Give back exactly the line containing "Promotional-Sunglasses" and all that follow it in the data below, with the pictures left out.

• _Supplied material_:
== Segment start ==
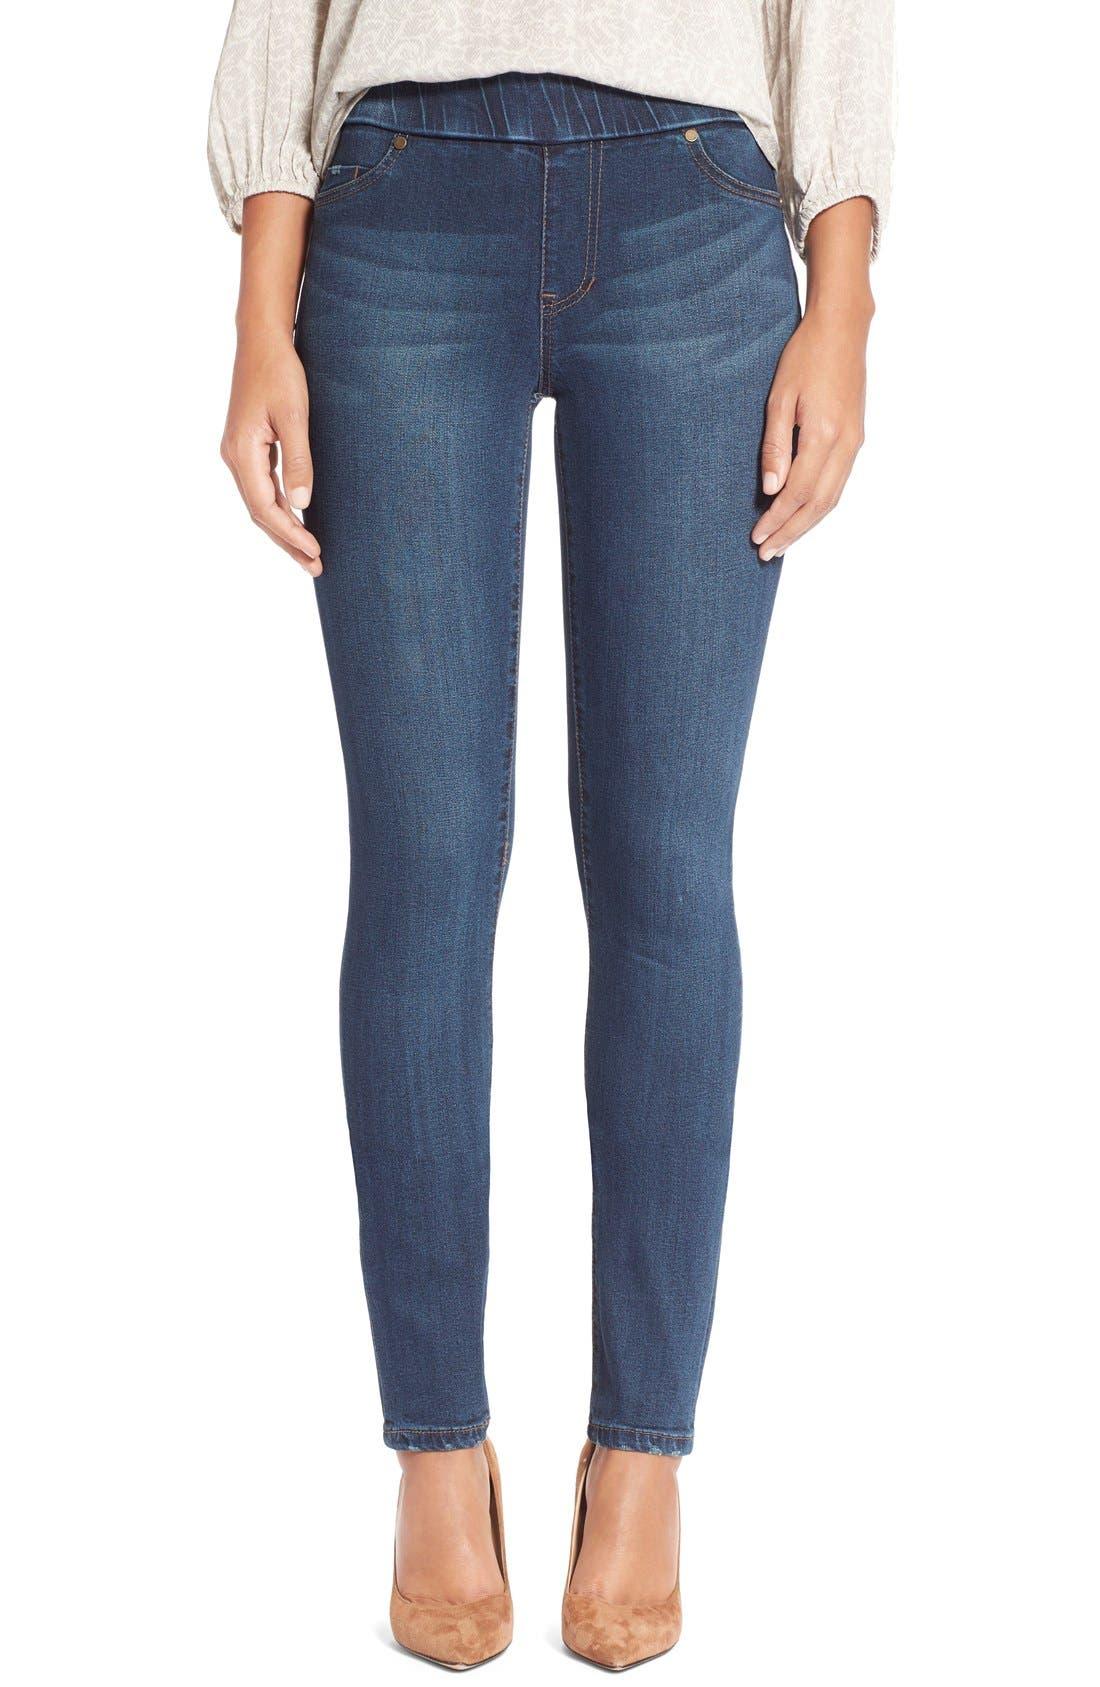 Sienna Pull-On Knit Denim Leggings,                         Main,                         color, Petrol Wash
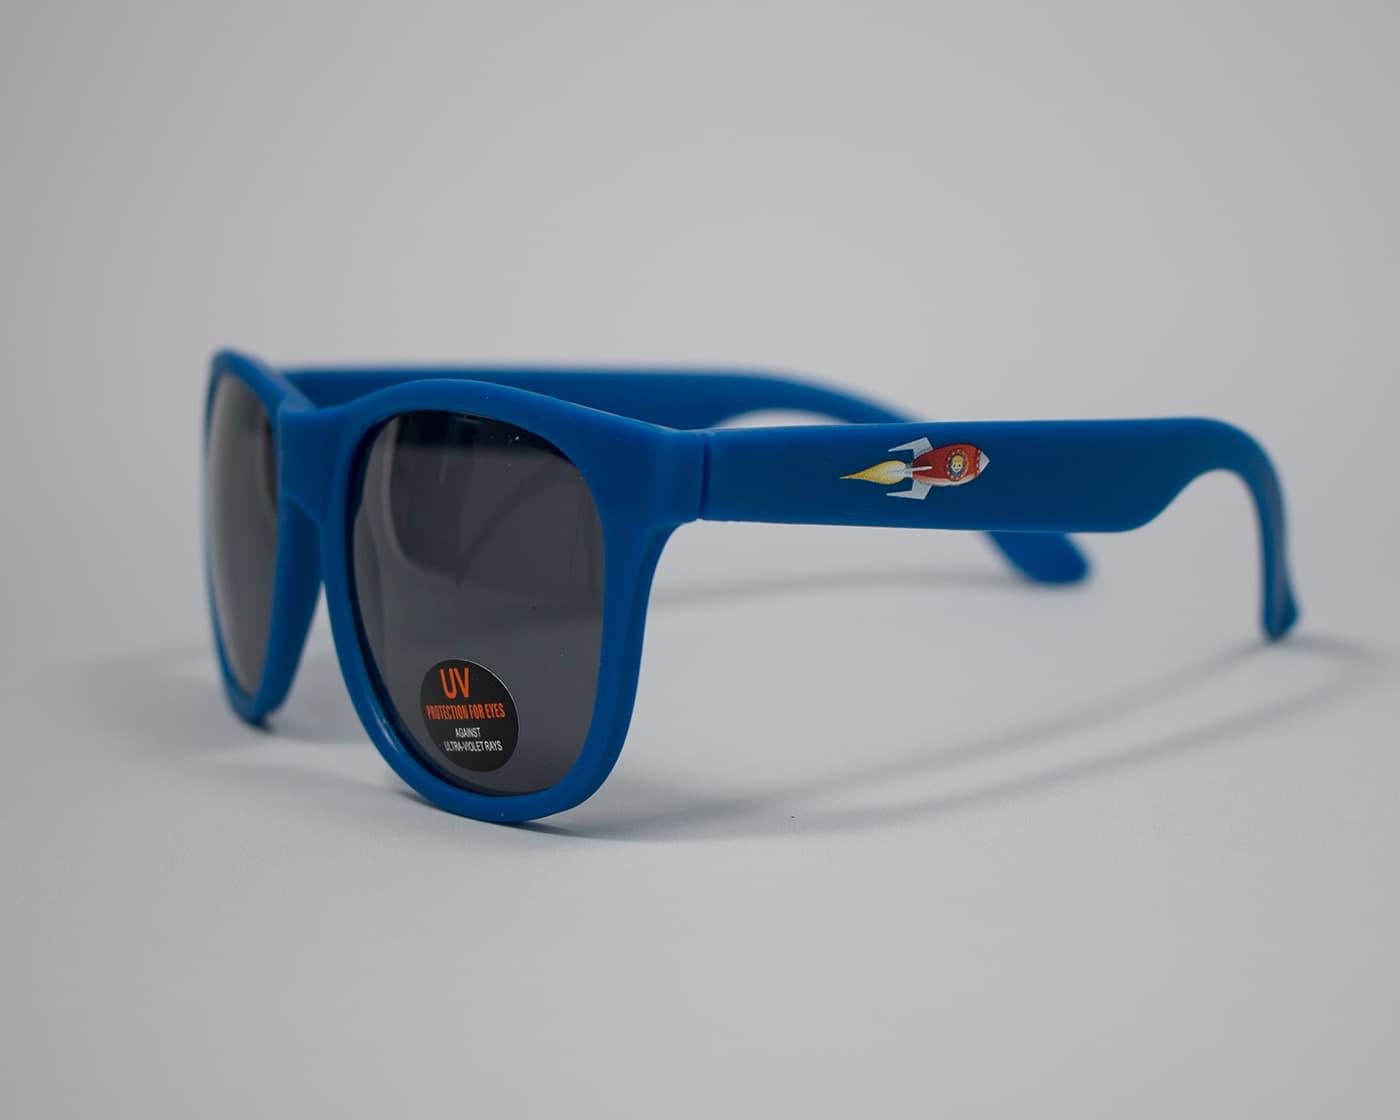 Promotional-Sunglasses
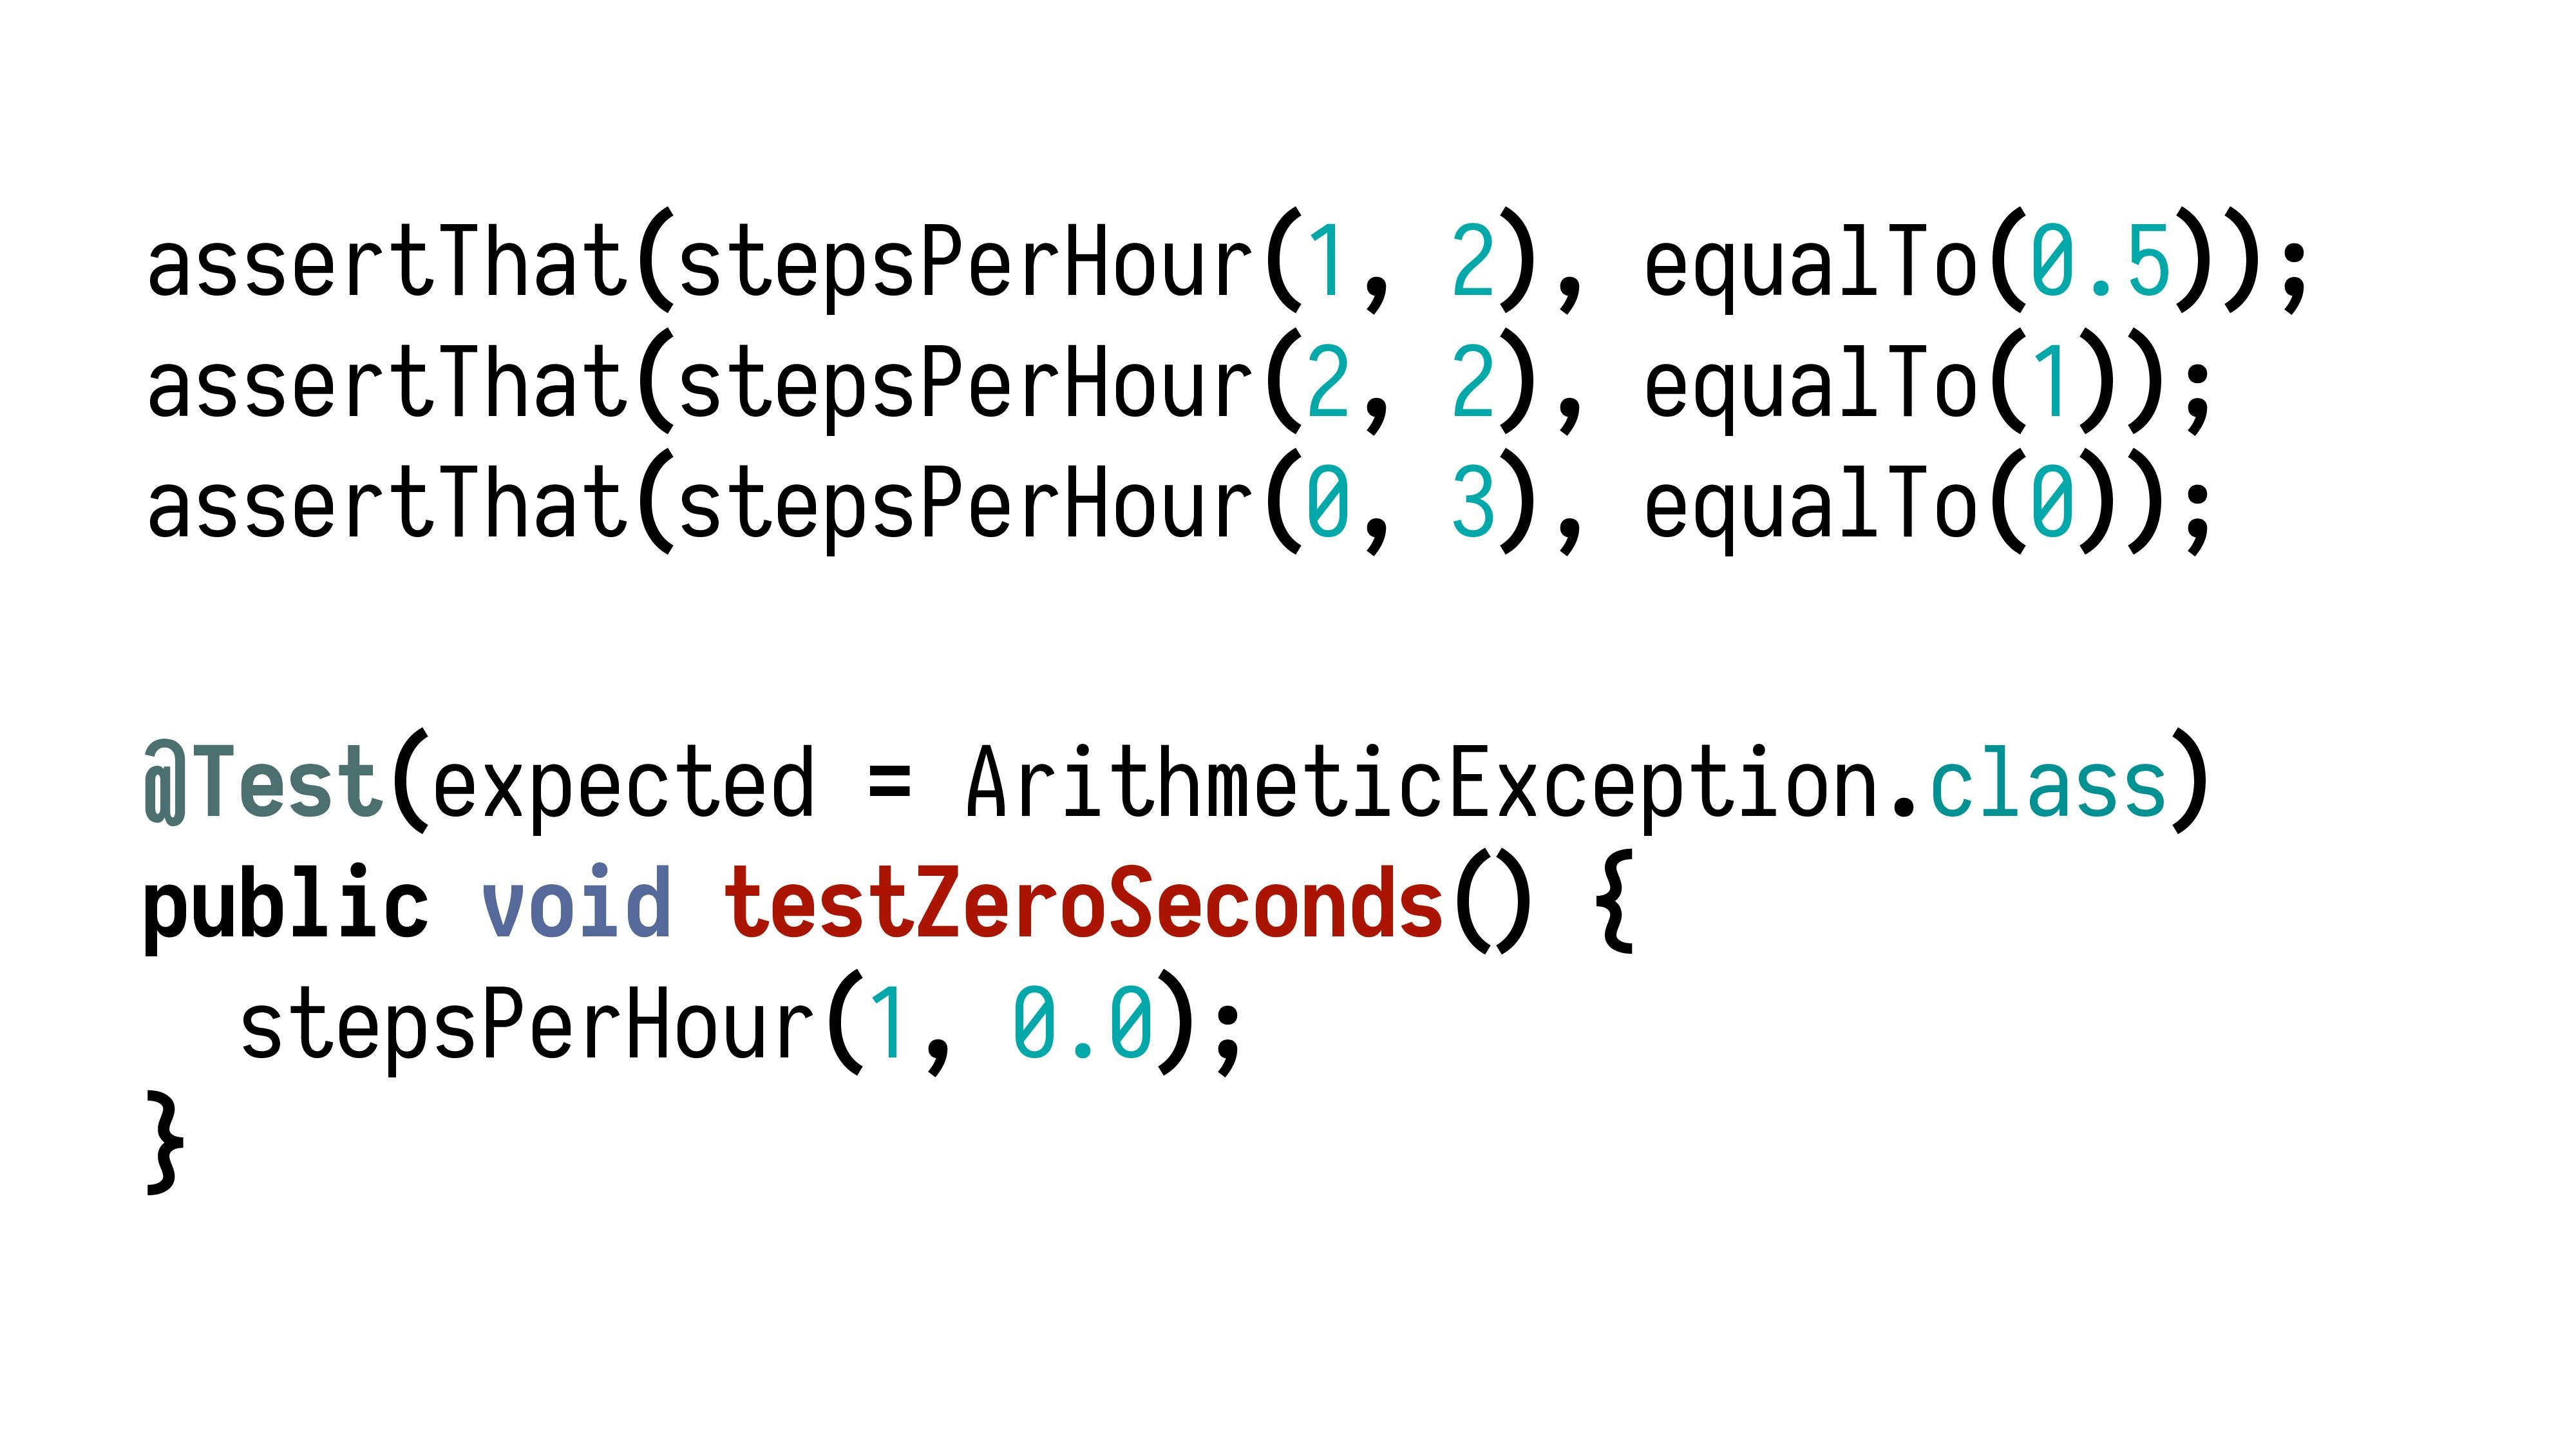 assertThat(stepsPerHour(1, 2), equalTo(0.5)); a...
== Segment end ==
• _Problem solution_:
 Promotional-Sunglasses
 assertThat(stepsPerHour(1, 2), equalTo(0.5)); a...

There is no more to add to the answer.